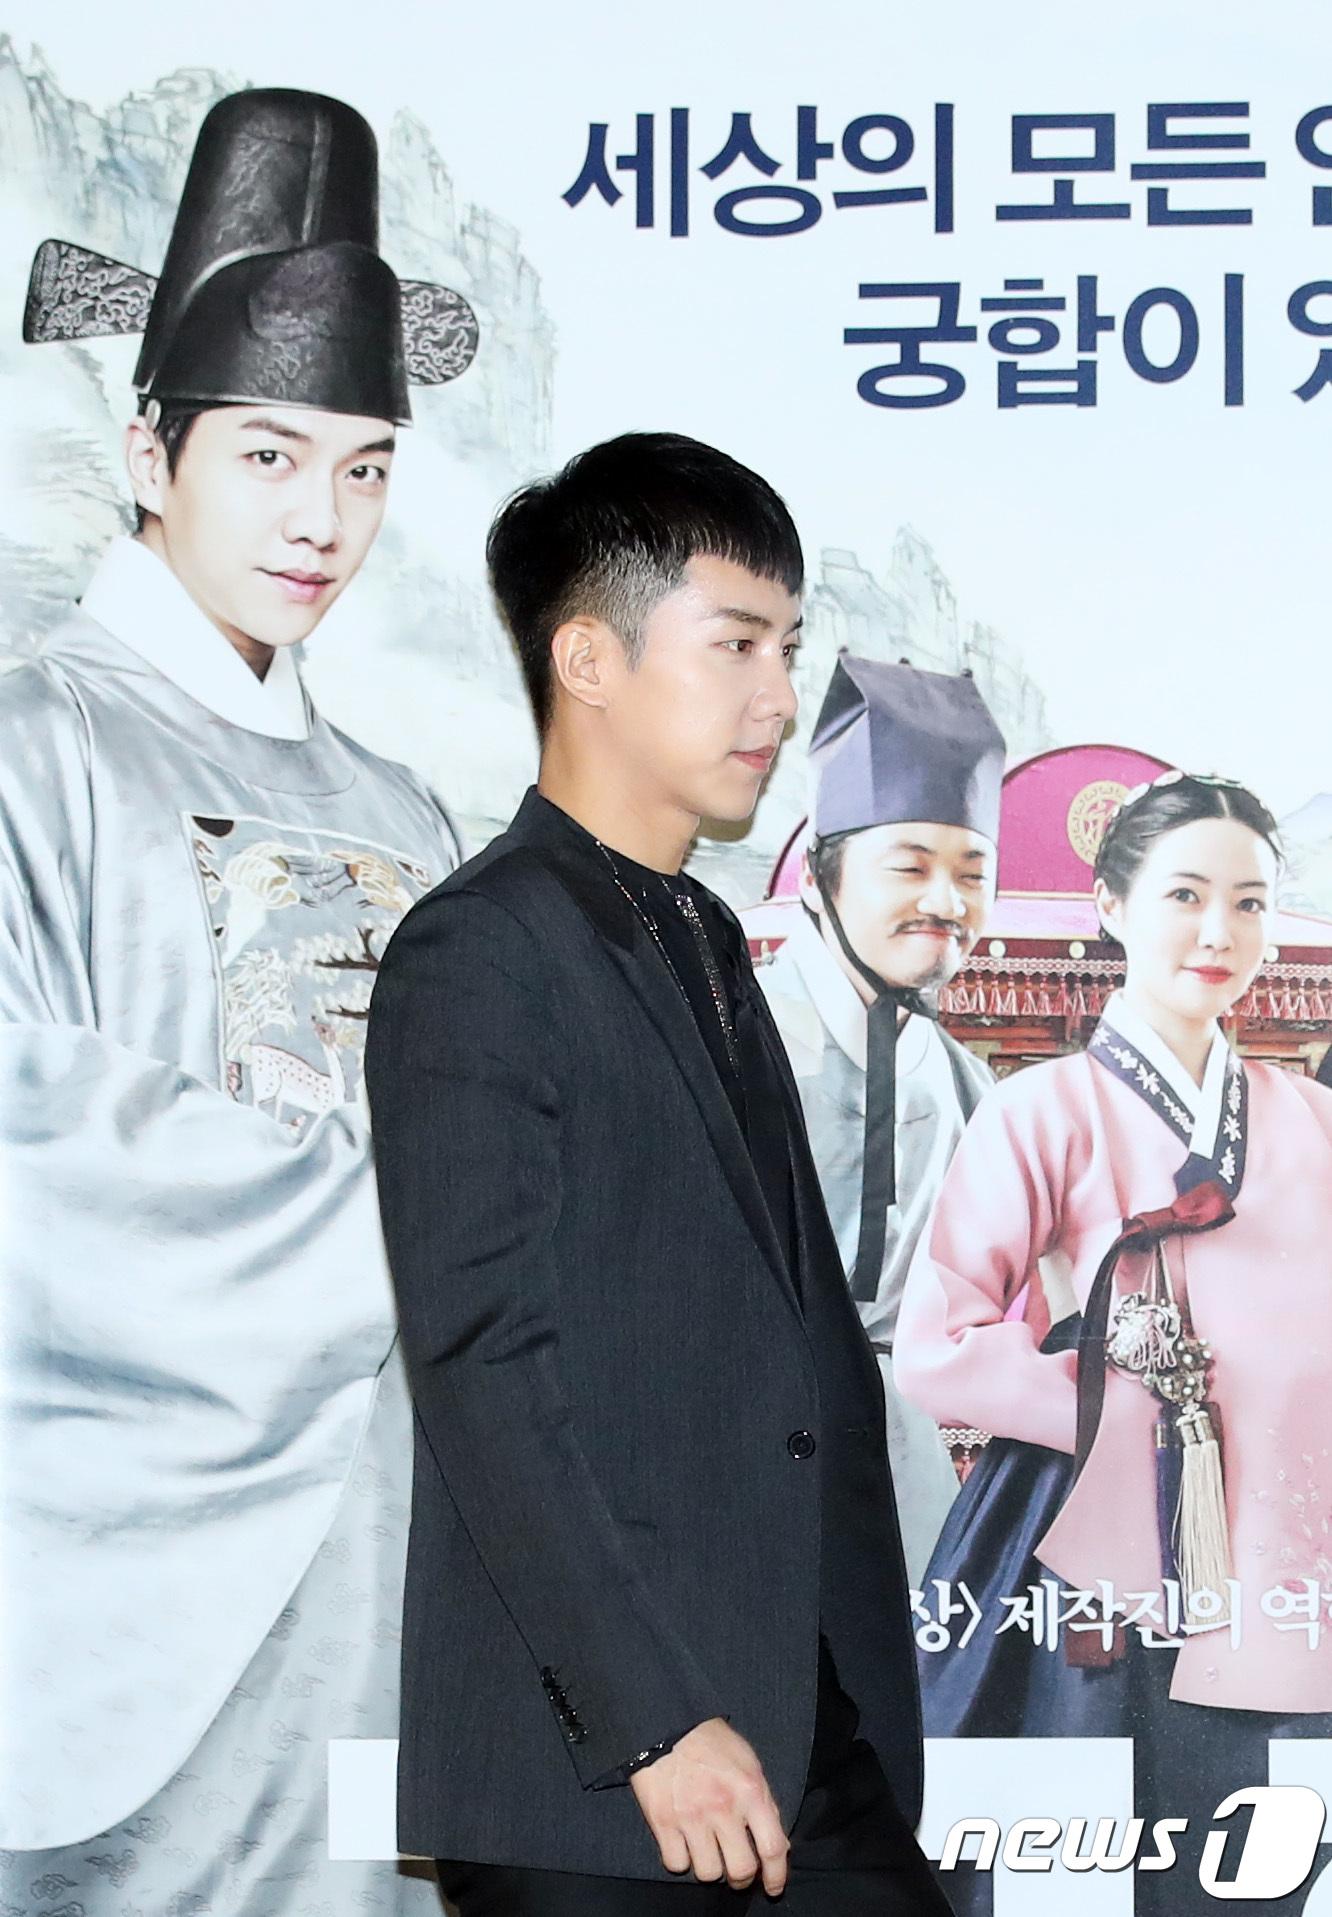 '궁합' 이승기, '최고의 역술가'
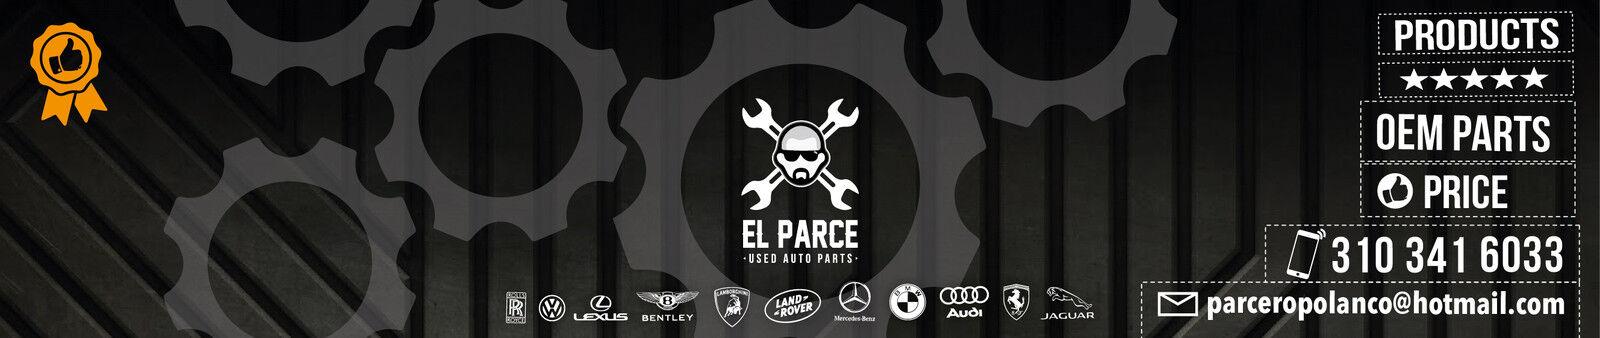 El Parce Used Auto Parts
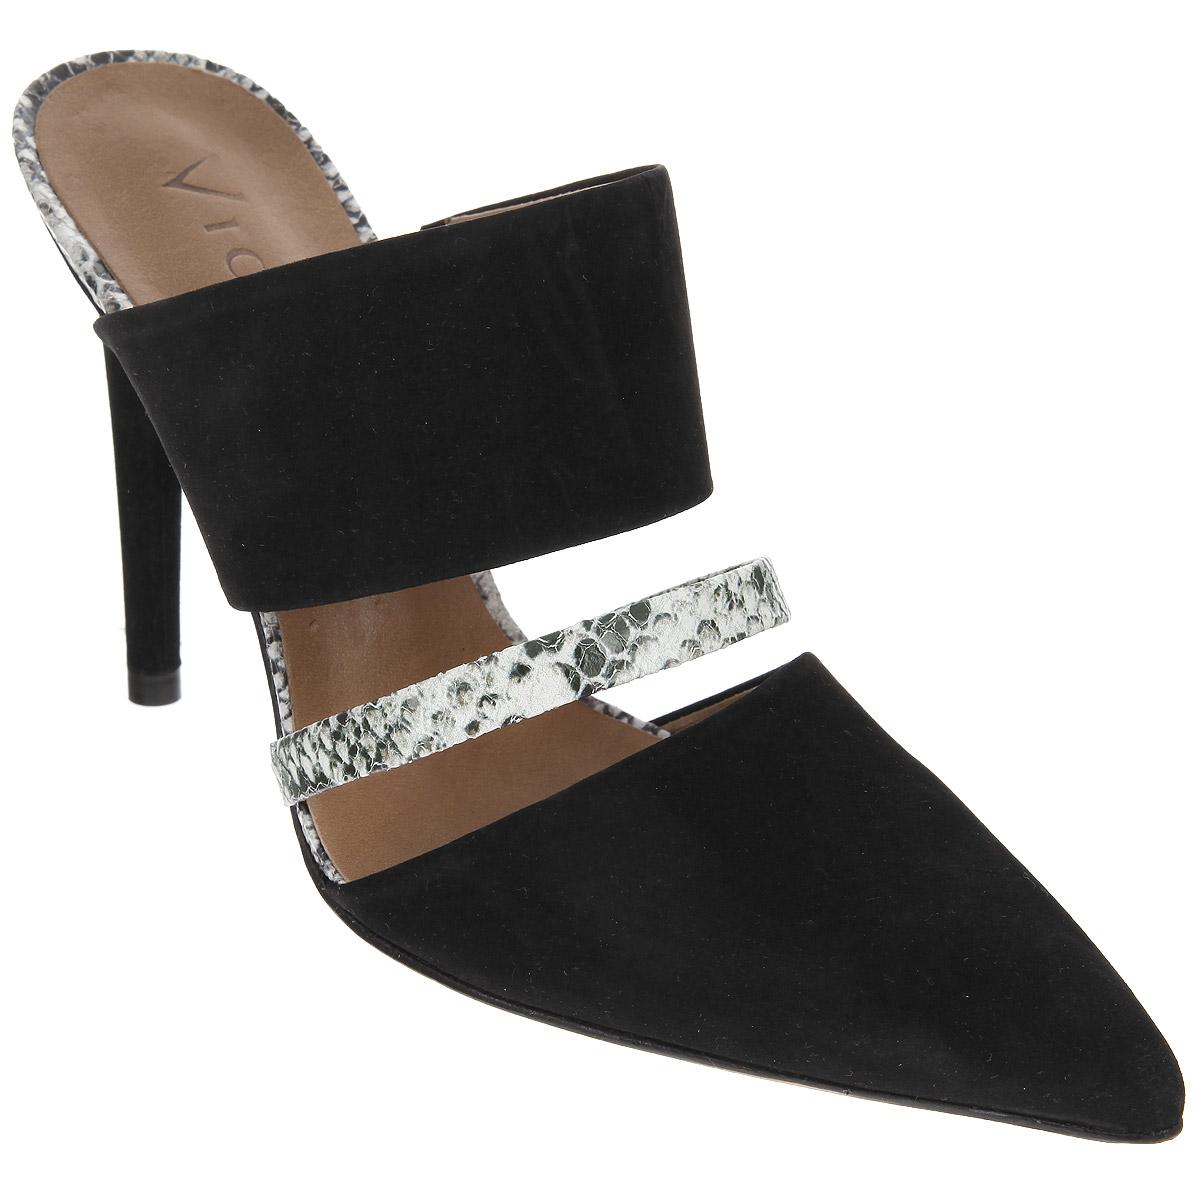 Сабо женские. 64331716433171Элегантные сабо от Vicenza займут достойное место среди вашей коллекции обуви. Модель выполнена из натурального нубука со вставками из натуральной кожи и декорирована оригинальными вырезами у основания подъема. Поперечный ремешок и верхняя часть подошвы оформлены принтом под змеиную кожу. Заостренный вытянутый носок смотрится невероятно женственно. Стелька из натуральной кожи комфортна при ходьбе. Ультравысокий каблук подчеркнет красоту и стройность ваших ног. Стильные сабо внесут изысканные нотки в ваш модный образ!
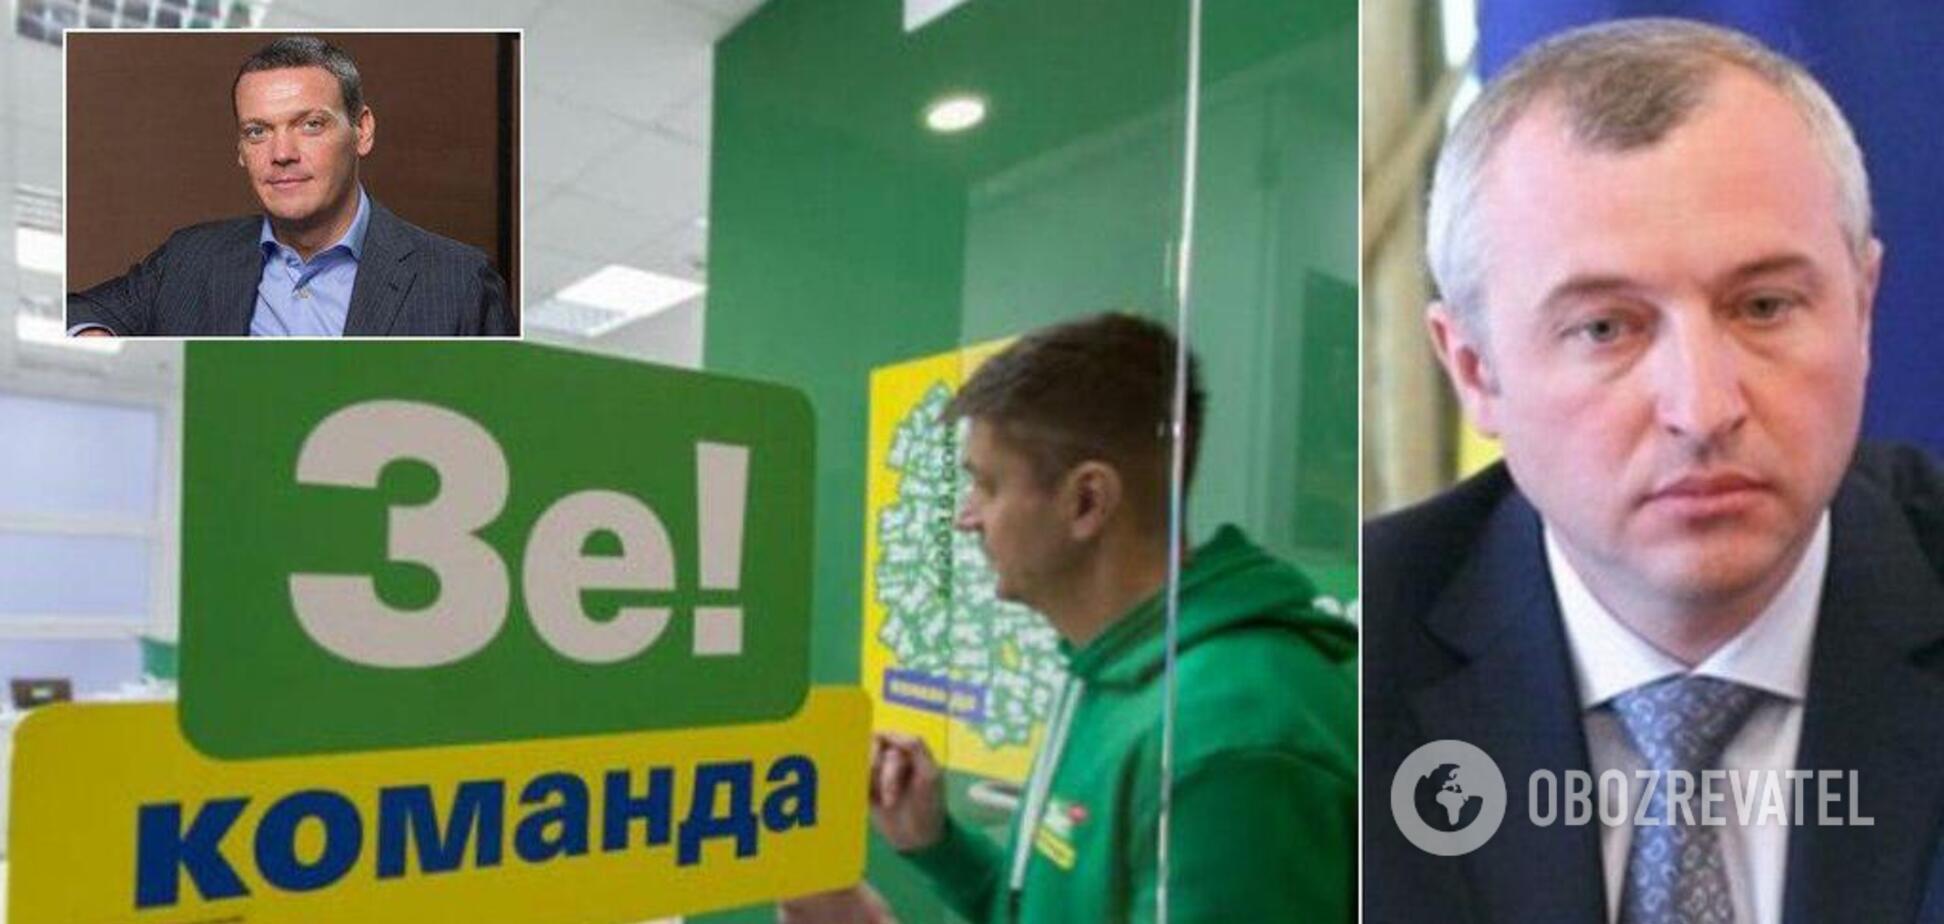 'Король' контрабанди і партнер Януковича: хто увійшов у 'тіньовий штаб' Зеленського
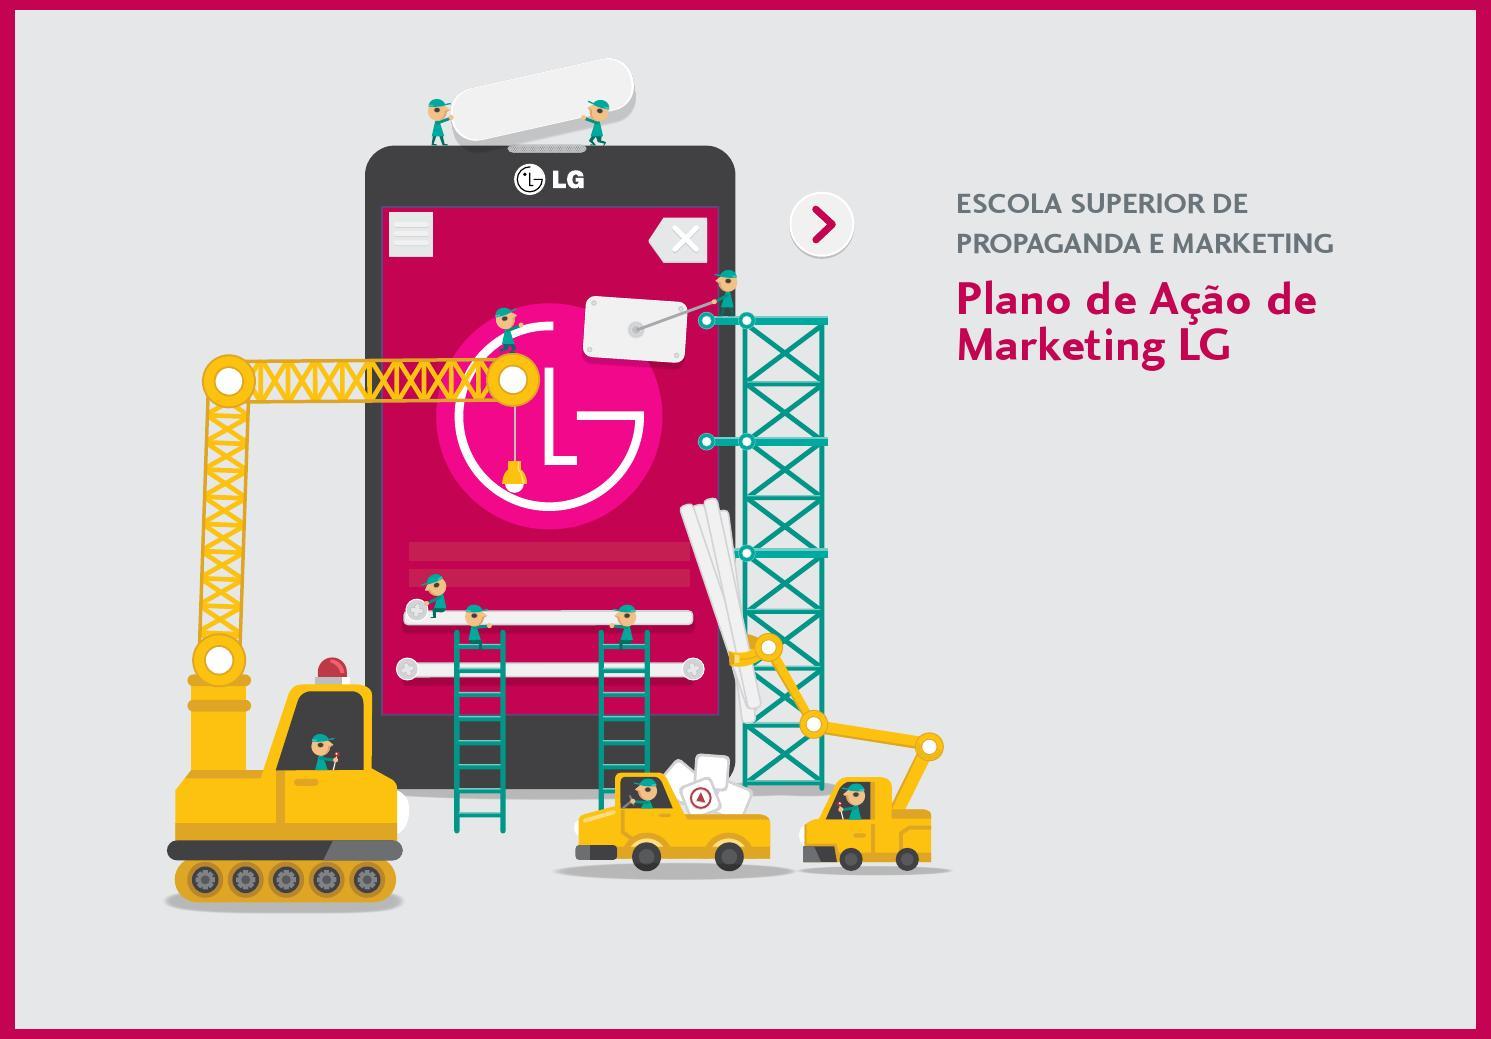 d26063ae06b Plano de ação Marketing LG by Fernando Macedo - issuu

### Exercise details
For this exercise, transcribe the data exactly but without its pictures.

### Task answer
 '궁합' 이승기, '최고의 역술가'
 El Parce Used Auto Parts
 Сабо женские. 64331716433171Элегантные сабо от Vicenza займут достойное место среди вашей коллекции обуви. Модель выполнена из натурального нубука со вставками из натуральной кожи и декорирована оригинальными вырезами у основания подъема. Поперечный ремешок и верхняя часть подошвы оформлены принтом под змеиную кожу. Заостренный вытянутый носок смотрится невероятно женственно. Стелька из натуральной кожи комфортна при ходьбе. Ультравысокий каблук подчеркнет красоту и стройность ваших ног. Стильные сабо внесут изысканные нотки в ваш модный образ!
 'Король' контрабанди і партнер Януковича: хто увійшов у 'тіньовий штаб' Зеленського
 d26063ae06b Plano de ação Marketing LG by Fernando Macedo - issuu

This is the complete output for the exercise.